Let's analyze the decomposition results to understand the patterns in the data.

In [None]:
# Extract weights and factors
weights, factors_list = factors

# Convert weights to dense array
weights_array = np.array(weights.todense()).flatten()

# Plot weights
plt.figure(figsize=(10, 6))
plt.bar(range(1, len(weights_array) + 1), weights_array)
plt.xlabel('Component')
plt.ylabel('Weight')
plt.title('Component Weights')
plt.grid(True, alpha=0.3)
plt.show()

# Analyze the factor matrices
dimension_names = ['Source', 'Target', 'Ligand_Receptor', 'Condition']

for i, factor in enumerate(factors_list):
    print(f"\nAnalyzing Factor {i} ({dimension_names[i]})")
    print(f"Shape: {factor.shape}")
    
    # Convert to dense if needed
    if hasattr(factor, 'todense'):
        factor_dense = factor.todense()
    else:
        factor_dense = factor
    
    # Plot heatmap for this factor
    plt.figure(figsize=(12, 8))
    sns.heatmap(factor_dense, cmap='viridis')
    plt.xlabel('Component')
    plt.ylabel(f'{dimension_names[i]} Index')
    plt.title(f'Factor Matrix for {dimension_names[i]}')
    plt.tight_layout()
    plt.show()
    
    # For the condition factor (which is small), display the values
    if i == 3:  # Condition factor
        factor_df = pd.DataFrame(factor_dense, columns=[f'Component_{j+1}' for j in range(rank)])
        # Map indices to actual condition names
        reverse_mapping = {v: k for k, v in dim_mappings[i].items()}
        factor_df.index = [reverse_mapping.get(idx, idx) for idx in range(len(factor_df))]
        print("Condition factor values:")
        display(factor_df)

## 11. Examine Component Contributions

Let's identify the top contributors for each component across the different dimensions.

In [None]:
# Function to get top contributors for a factor and component
def get_top_contributors(factor_matrix, component_idx, dimension_mapping, top_n=10):
    # Convert to dense if needed
    if hasattr(factor_matrix, 'todense'):
        factor_dense = factor_matrix.todense()
    else:
        factor_dense = factor_matrix
    
    # Get the values for this component
    component_values = factor_dense[:, component_idx]
    
    # Create a DataFrame with indices and values
    df = pd.DataFrame({
        'Index': range(len(component_values)),
        'Value': component_values
    })
    
    # Sort by value in descending order
    df = df.sort_values('Value', ascending=False)
    
    # Get the top N contributors
    top_contributors = df.head(top_n)
    
    # Map indices to actual names
    reverse_mapping = {v: k for k, v in dimension_mapping.items()}
    top_contributors['Name'] = top_contributors['Index'].map(reverse_mapping)
    
    return top_contributors[['Name', 'Value']]
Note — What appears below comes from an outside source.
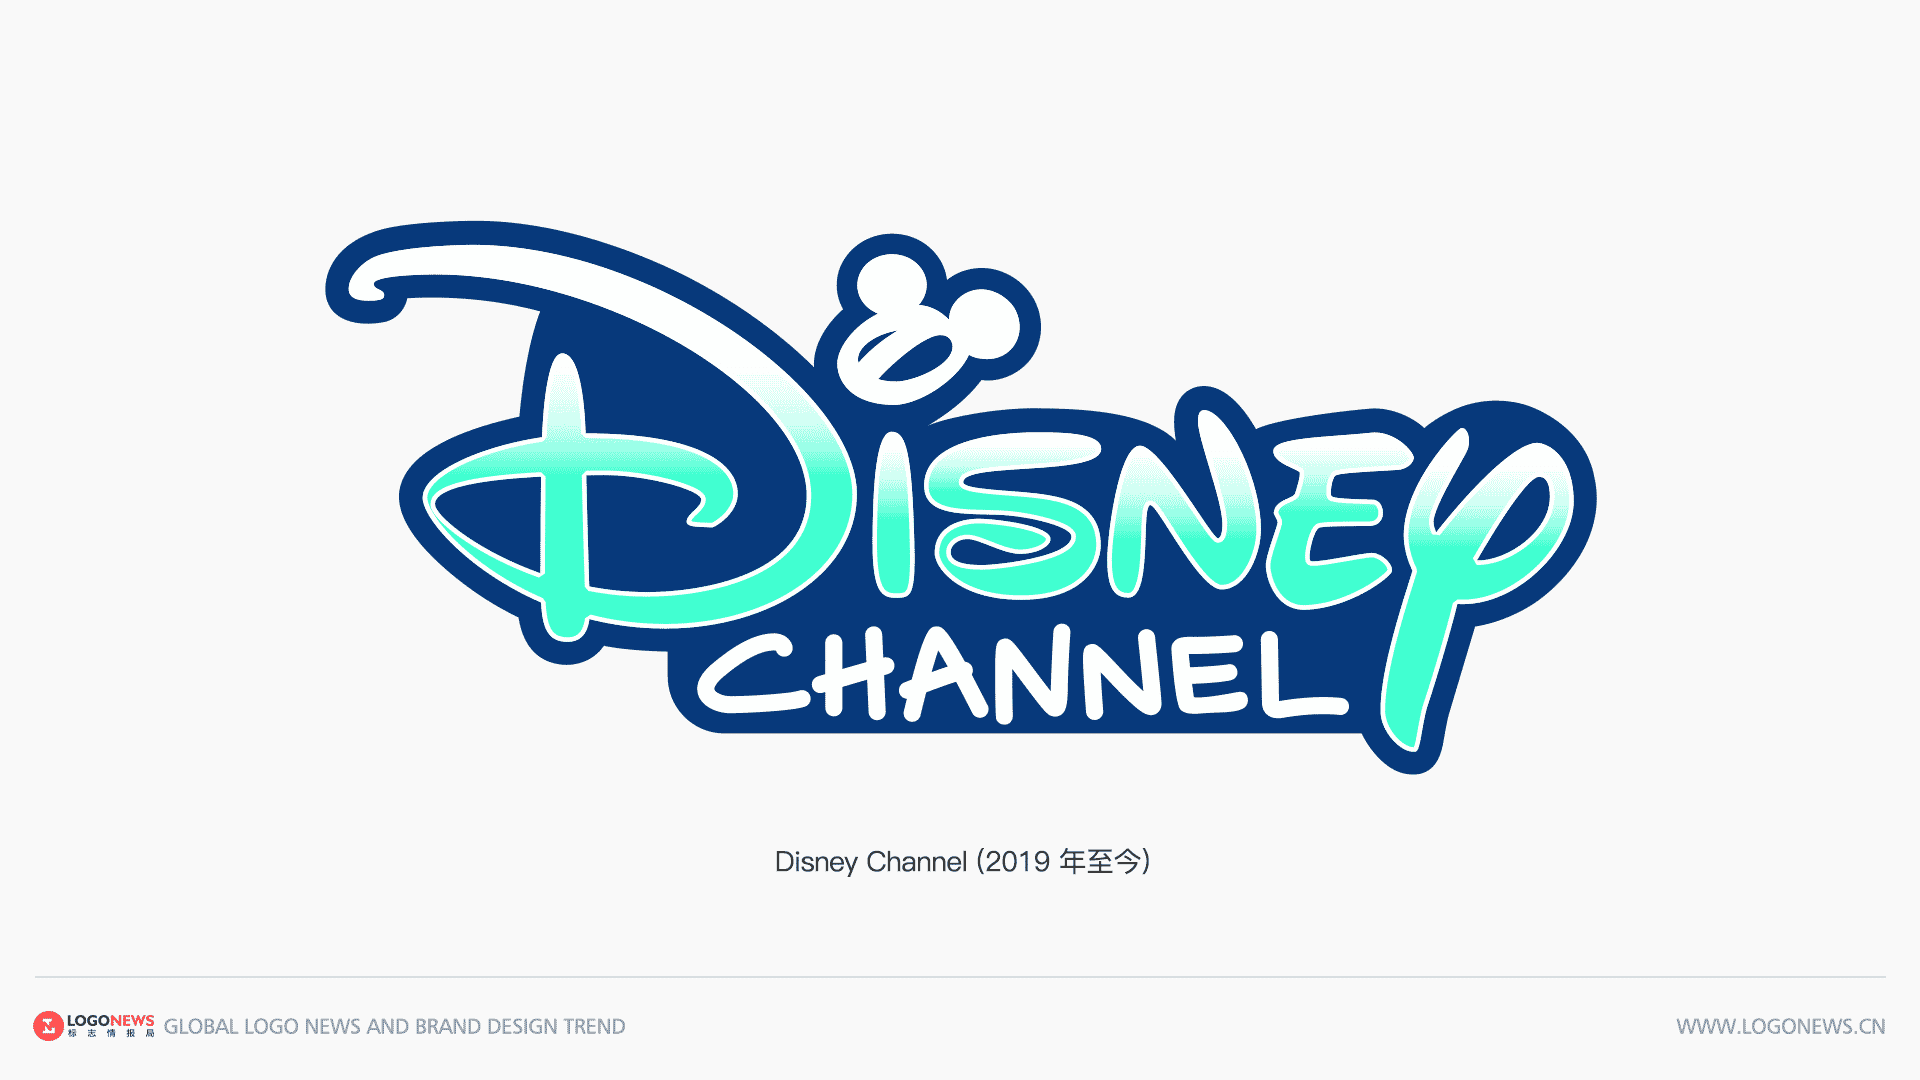 迪士尼頻道Disney Channel 更新LOGO，移除米老鼠大耳朵輪廓 7

# Analyze a specific component (e.g., component 0)
component_to_analyze = 0

print(f"\nAnalyzing Component {component_to_analyze + 1}")
print("------------------------------")

for i, factor in enumerate(factors_list):
    print(f"\nTop contributors in {dimension_names[i]}:")
    top_contributors = get_top_contributors(factor, component_to_analyze, dim_mappings[i], top_n=5)
    display(top_contributors)

## Conclusion

In this notebook, we've demonstrated how to use the `trokachat_tensor_decomp` package to:

1. Load tensor data from CSV files
2. Create a sparse tensor representation
3. Estimate the optimal tensor rank using denoising loss calculation
4. Visualize the rank estimation results
5. Perform tensor decomposition with the selected rank
6. Save and analyze the decomposition results

The package provides a clean, modular interface to tensor decomposition operations, making the analysis workflow more readable and maintainable.